07 November 2010

Berkeley

If I had gone to Berkeley in my first year, my experience might have been different.  When I first went to UCLA, I was a worshipper at the shrine of science.  Berkeley was my second year and I was by then beginning to be self-confident, and interested in the idea of student life.

Or perhaps second-year University students are always like that.  The term 'sophomoric' is no accident.

At UCLA I had lived in a student residence; at Berkeley, four of us from Oroville - David Bennum, Lanny Cummins, I - and someone else - Lee Gunderson?? - lived together in a set of rooms in a rooming house - run by Mrs Logy - Logey?? - and I feel a retroactive sense of apology to her for the experiences we put her to.  I suspect she ran the rooming house because she had to have the income to survive; it cannot have been in any sense a positive experience for her.

Oh, not that we were drunkenly staggering through the place, vomiting on the furniture, anything of the sort.  We drank what would, today, seem astonishingly little.  Well, it was, after all, illegal!  We were, that year (September, 1961 - May, 1962) 19 years old.  In California, at the time, you had to be 21 in order to drink legally.

What we drank was wine.  How did we get it?  I don't really recall.  Perhaps David had some contacts.  We also were pipe smokers - this was, then, the thing for University students to do (I had a few really lovely smoking pipes - spent too much money on them and on tobacco) - and we bought a 'hookah' - a water pipe - with, I think, four pipes.  We put wine into it and smoked through it.
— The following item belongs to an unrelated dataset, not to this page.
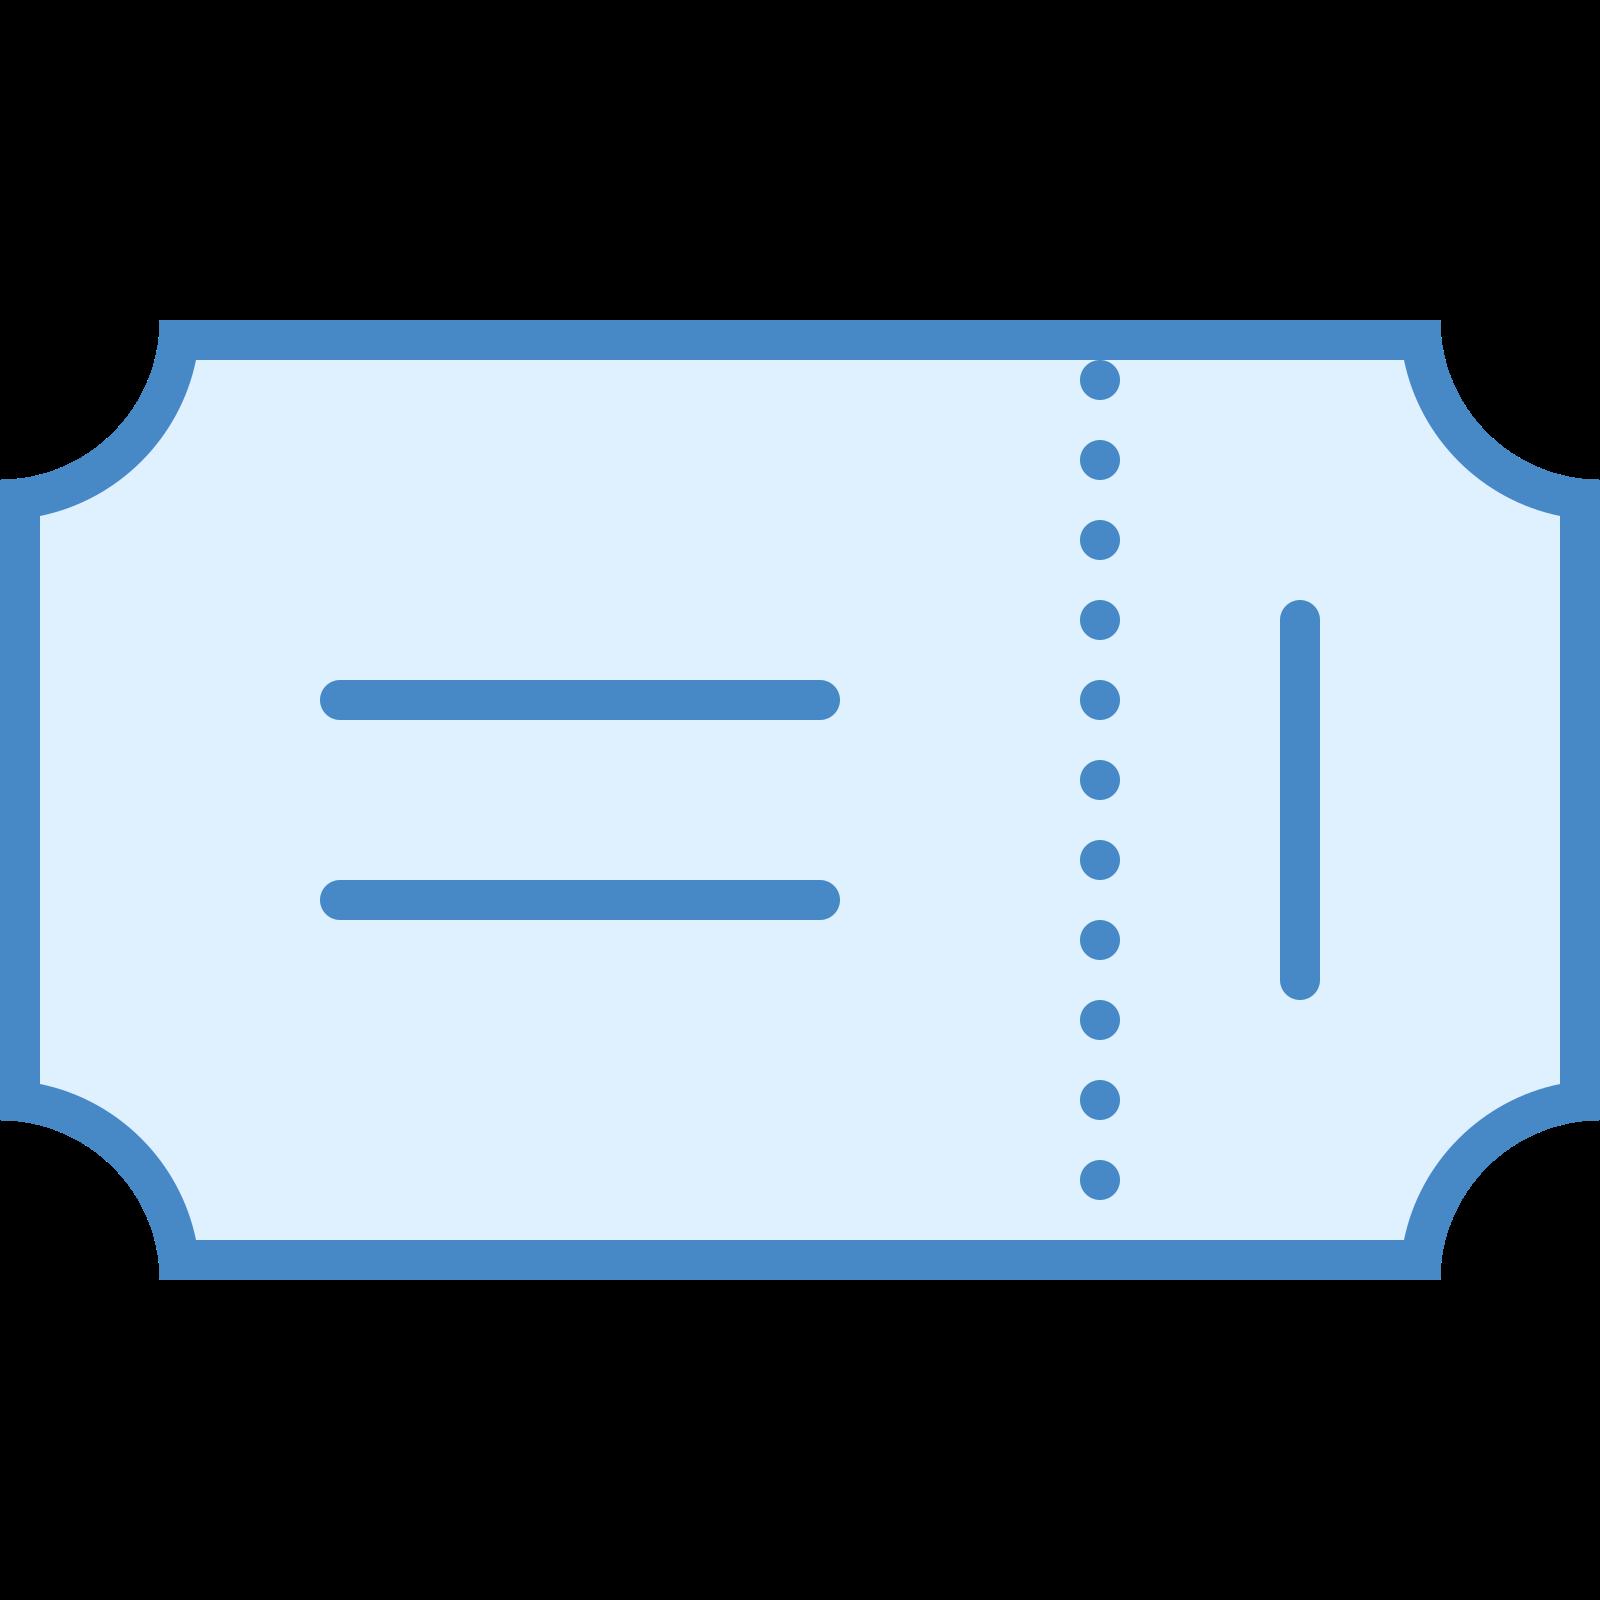 乗車券 icon. The icon is shaped like a horizontal rectangle but each of the corners are curved inwards. There is also a vertical dotted line running down the right side of the rectangle 3/4 of the way.

Then we tried to drink the wine :-)

I felt quite sorry for Lanny.  Lanny had, I believe, been brought up a serious Jehovah's Witness.  Our behaviour - that of the rest of us - was loud, foul-mouthed, inconsiderate.  I think it was quite upsetting to Lanny.

Lanny's life ended tragically - at least, it ended in a way that is distressing for me to contemplate.  Jehovah's Witnesses are pacifists - or, rather, they will not serve in the military of governments, because Jehovah's Kingdom is the government they serve.  I do not know anything of how it came to be - nor, in fact, have I any independent verification - but I was told, many years ago, that Lanny became an officer, went to VietNam, and was killed there.

I think this must represent a major turn-around in his religious thinking.  I pray daily for his soul.

Two things happened during that year at Berkeley that had significant effects on my later life.

The first had to do with my studies.  I was majoring in astronomy.  I hoped, eventually, to do my PhD in astronomy.  As I said in an earlier post about UCLA, a PhD programme at the University of California at the time required either three semesters of one foreign language, or two semesters each of two.  I had done second semester French at UCLA (having been given credit for the first semester because of my four years of high school French).  I started Russian there - or perhaps I took the two semesters of Russian that first year.  I don't remember.

But at Berkeley I took Spanish.  What was in my mind at the time, I do not know.  I think I probably just was following up the fascination with language that had been mine as long as I can remember.  The beginnings of what eventually led me into linguistics can be seen here.

Something of far greater significance happened to me in, I think, March of 1962.  I met Edna.

1 comment:

Kathleen Siciliano said...

Wow! How cool to finally read about how you and mom met. And to find out you drank wine after using it to smoke a hooka???? Yuck! I hope it was cheap wine and not good wine wasted!